I build docker images on my laptop and push them to DockerHub. I'm not planning on frequent updates and it's just a demo so I think its okay for now.
My production server is a Linode machine running Ubuntu. I will describe the setup details in the Details section below.

Figure showing the container building process:
drawing

Details

Setup of Linode server

OS

Ubuntu 20.04 LTS

Docker

Followed these instructions

Docker Compose

Followed these instructions

Client Dockerfile

The Dockerfile for the React client is pretty common, I think.

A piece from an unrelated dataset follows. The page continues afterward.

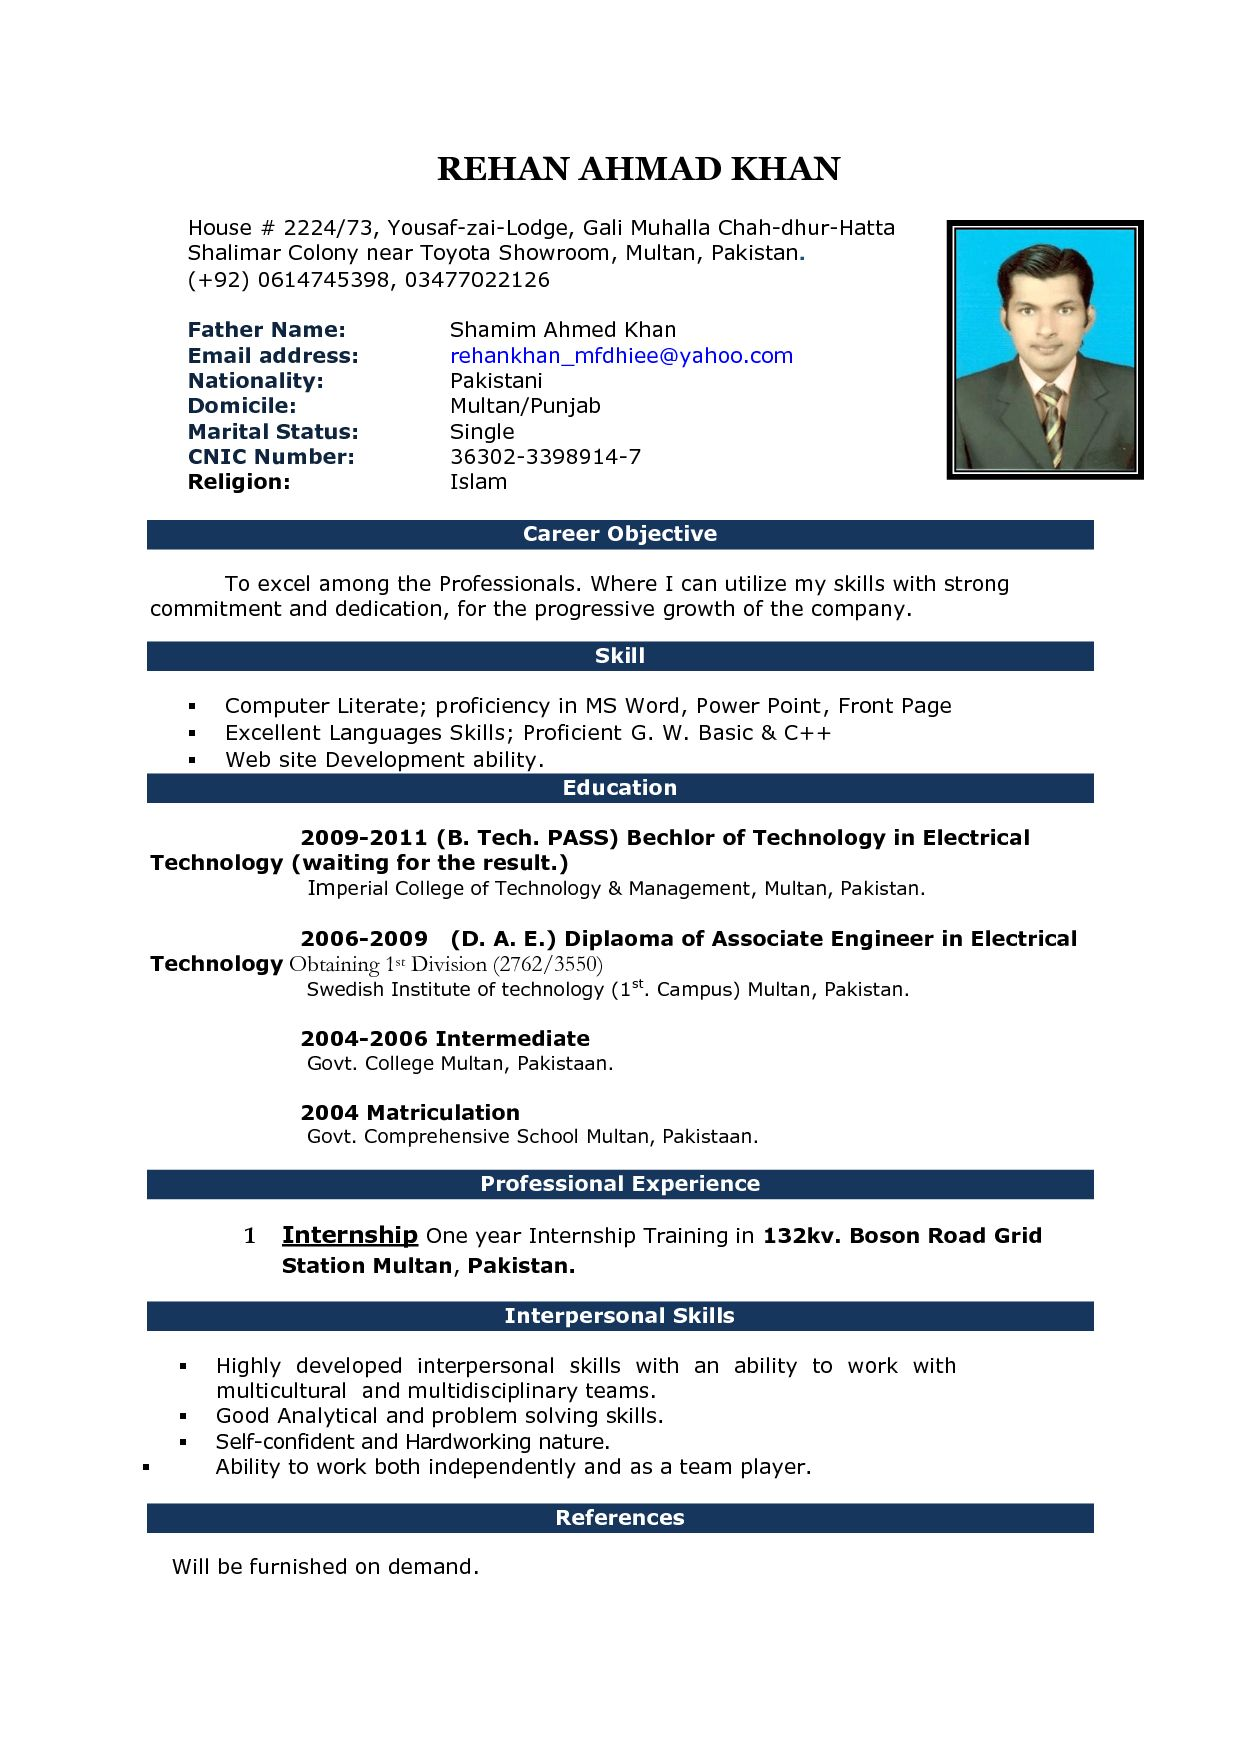 Resume Format Word File Download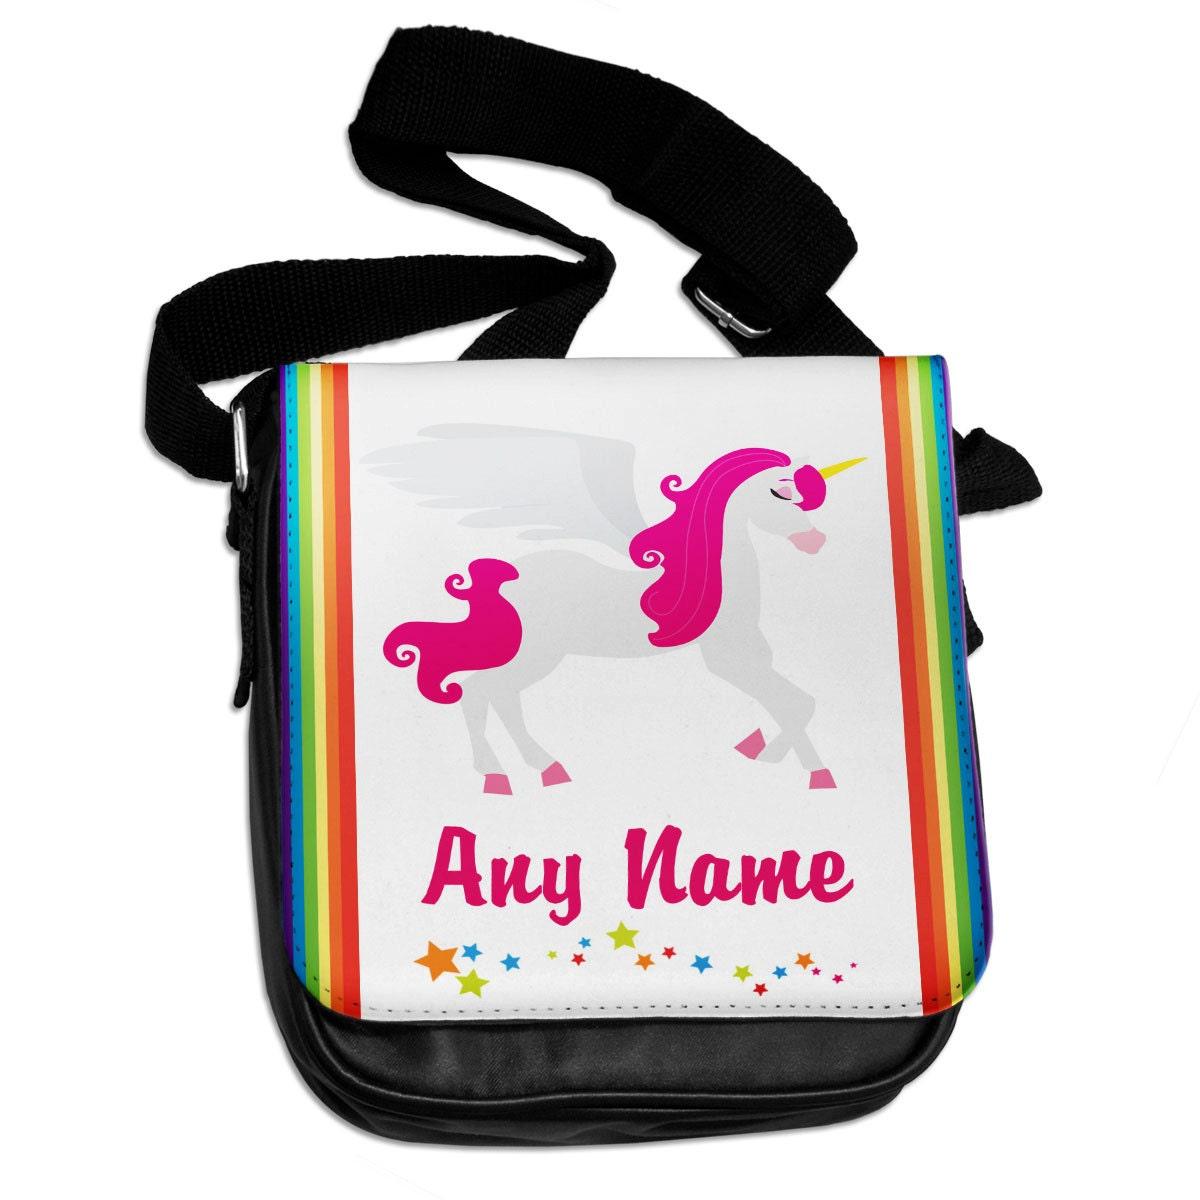 Personalised Pink Unicorn 01 Shoulder Bag 145  back to school  school  gym bag  pink  blue

Multi-stage build to make the build as small as possible.

#Build Stage Start

#Specify a base image
FROM node:alpine as builder

#Specify a working directory
WORKDIR '/app'

#Copy the dependencies file
COPY package.json .

#Install dependencies
RUN npm install

#Copy remaining files
COPY . .

#Build the project for production
RUN npm run build

#Run Stage Start
FROM nginx

#Copy production build files from builder phase to nginx
COPY --from=builder /app/build /usr/share/nginx/html

EXPOSE 80
Enter fullscreen mode Exit fullscreen mode

This is how I build my Dockerfile and push it to DockerHub:

docker build -t client_stellar_gallery .
docker tag client_stellar_gallery:latest gunstein/client_stellar_art_gallery:latest
docker push gunstein/client_stellar_art_gallery:latest
Enter fullscreen mode Exit fullscreen mode

Server Dockerfile

Pretty plain Dockerfile for Go, I guess, but I want to mention some hassle I had.

Originally I wrote the server to use SQLite as database. It worked well when run on my laptop, but gave me plenty of trouble when run in a Docker container on my Linode server. To build a container with SQLite I had to make a static build. My understanding is that this is because SQLite needs glibc. I used this build command in my Dockerfile:

RUN go build -a -ldflags "-linkmode external -extldflags '-static' -s -w" -o server_stellar_gallery main.go
Enter fullscreen mode Exit fullscreen mode

The build command worked ok, but my server crashed at the strangest places when run in the container. I think the crashes were caused by some glibc conflicts.

In the end I gave up and converted to PostgreSQL. The ORM I'm using is Gorm which is using the pgx, a pure Go driver for PostgreSQL. This worked like a charm. To me, it seems like a good rule to avoid static builds if possible.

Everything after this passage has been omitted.